In yesterday's reading, Mark 9:17-24, there is a man who asks Jesus to remove a stubborn demon from his child. He asked, if it is possible, please do it. Jesus' response was that anything is possible if a person believes. The father then replied to Jesus, "I do believe, but help me not to doubt."
I think it is this struggle which tends to paralyze me. I try to continually renew my faith in Jesus, God, and the entire Christian discipline, but I suffer doubts, which lead me astray. In the assessment of deconstructionist thought to the Bible, I wonder how much of it is not divinely inspired, if any, and if so, how much of its relevancy can be re-interpreted based on cultural evolution. And depending on the degree of re-interpretation, how far away from the original, divinely inspired intent, are we progressing? Does Christian doctrine lose relevancy if the cultural norms to which verbiage was applied at the time no longer exist? Is epilepsy still a "demon" or is epilepsy now "epilepsy" and we have lost power over it?

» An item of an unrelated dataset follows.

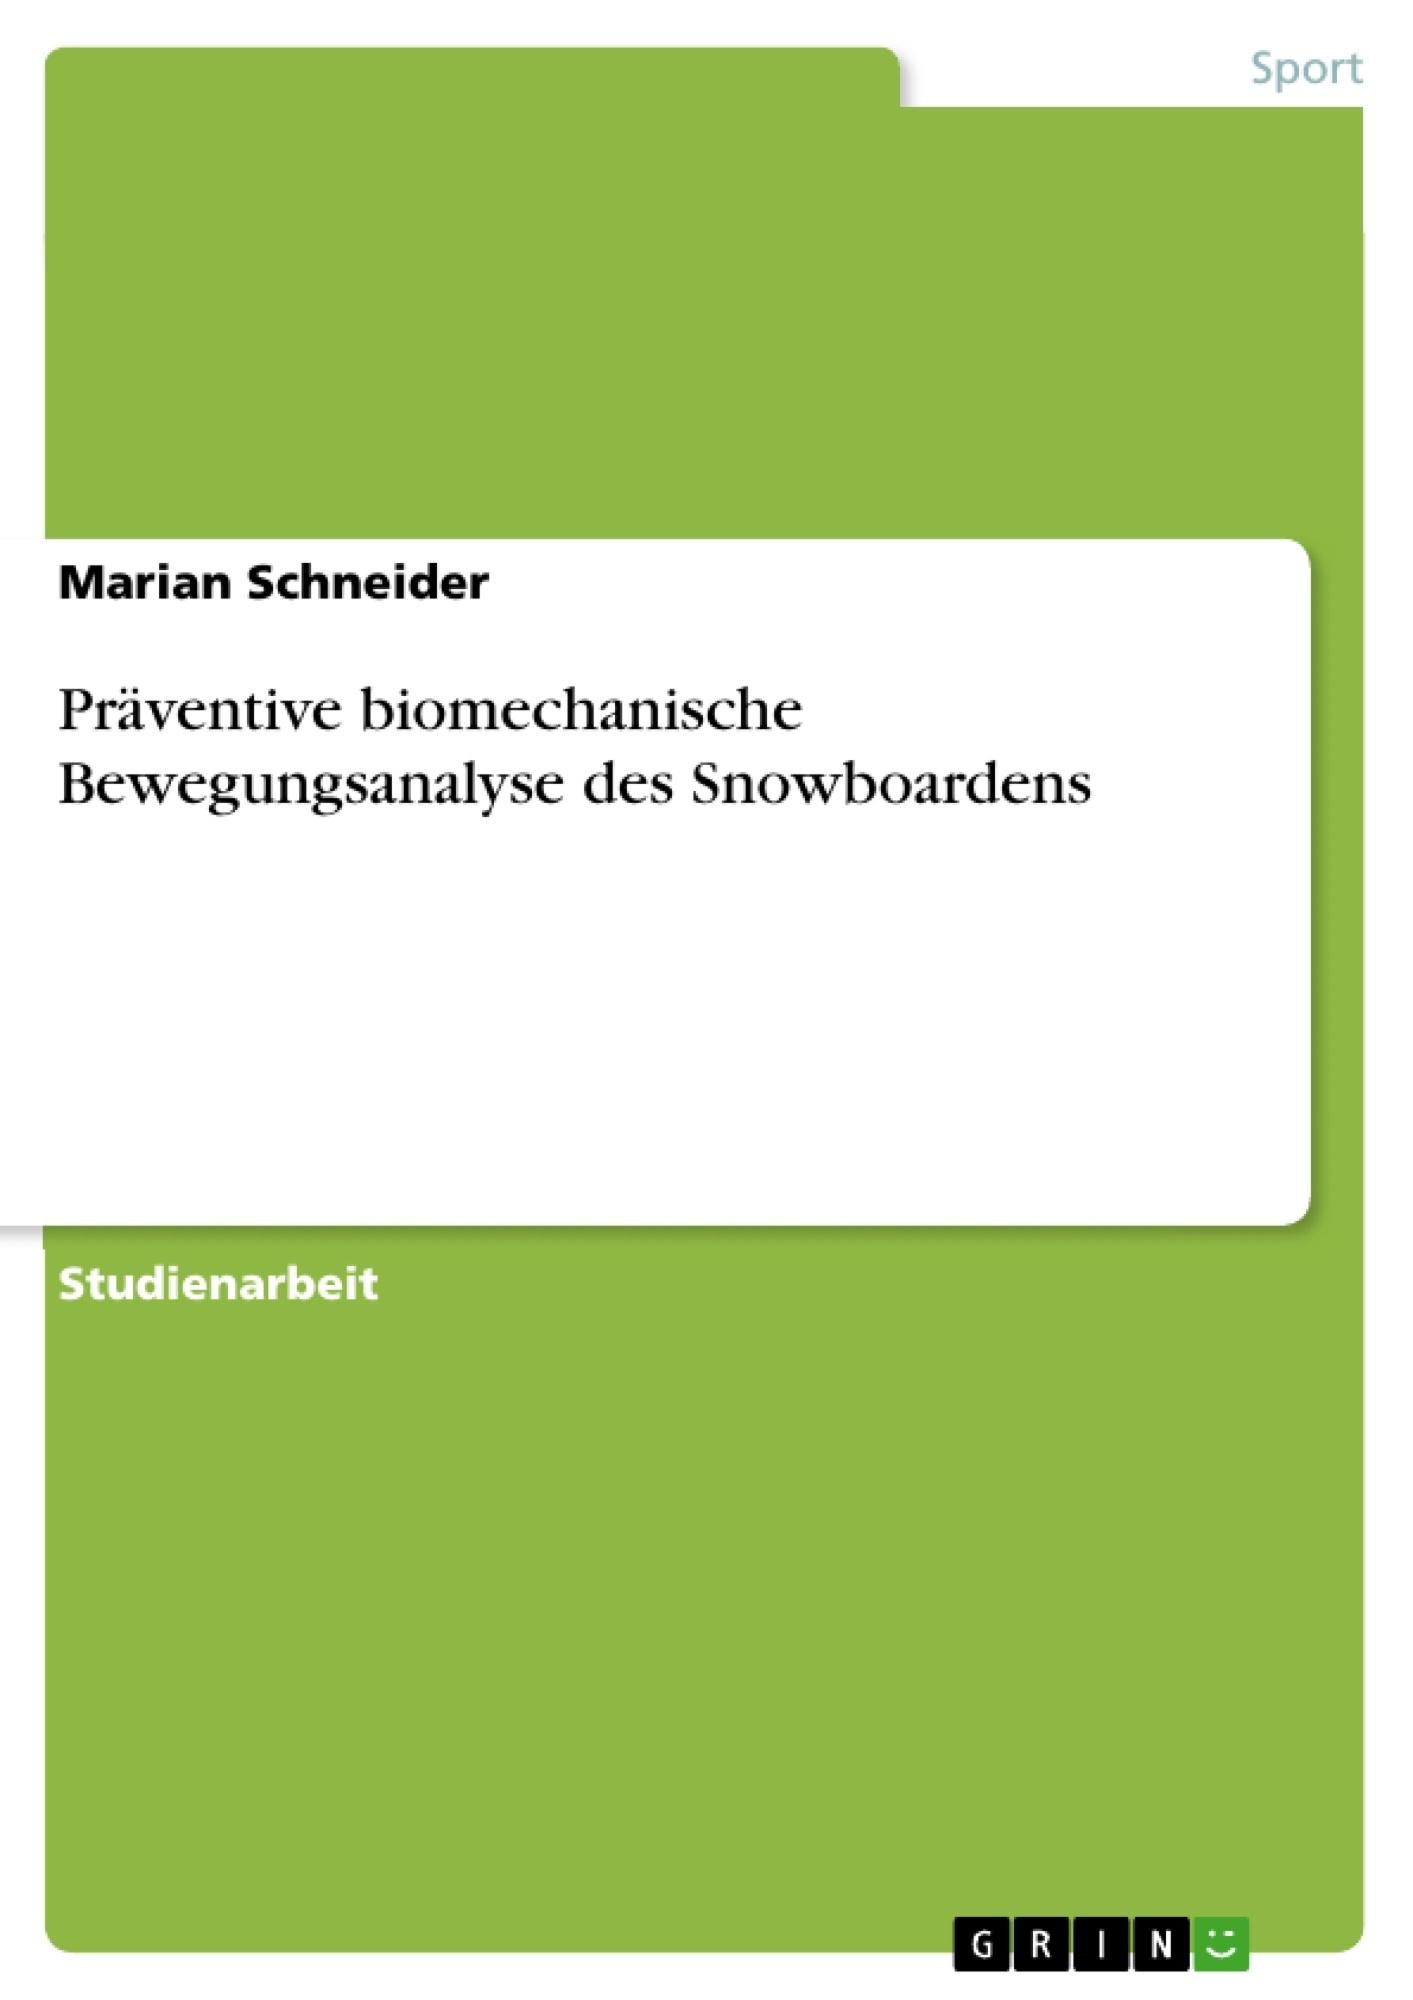 Titel: Präventive biomechanische Bewegungsanalyse des Snowboardens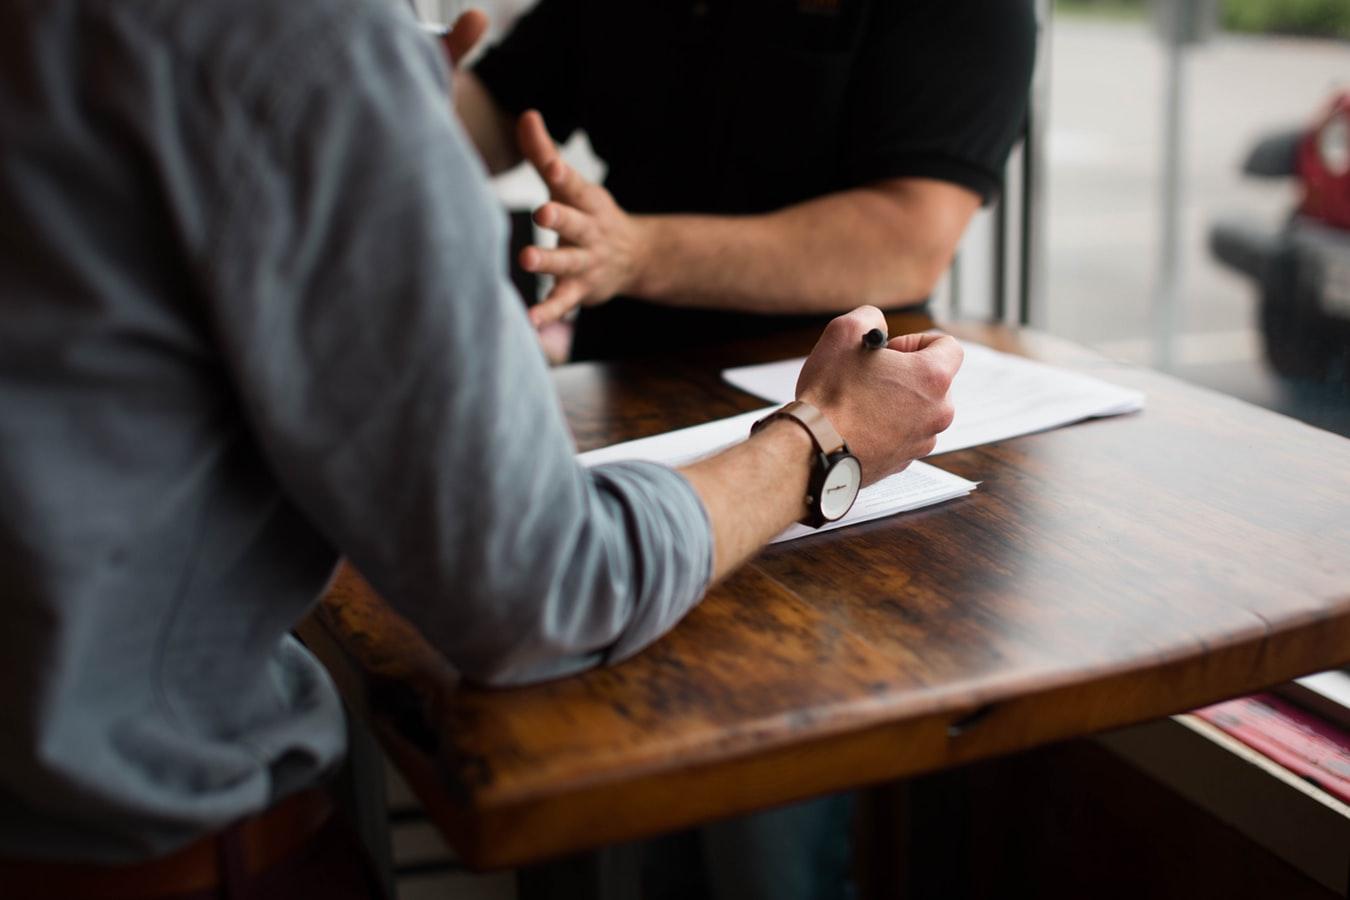 El contracte eventual podrà tenir una durada màxima de sis mesos, prorrogable una única vegada fins a un màxim de 12 mesos. Font: Unsplash. Font: Font: Unsplash.

When the intellectual pursuits of life crowd in, doubts crowd in. It's not that I don't believe. I do believe. But I find that I must seek to renew my faith, even in the setting of not losing my belief. Its the process of doubt that causes my faith to lose vibrancy. And so, I often ask God the same thing. I believe, but help me not to doubt. Help my faith to grow.
I have no deconstructionist or legalist viewpoint on this section. This section spoke to me personally, in the setting of the interplay between belief and doubt, and asking God for help with doubt. It's a position I find myself in most minutes of the day, constantly asking for help not to doubt.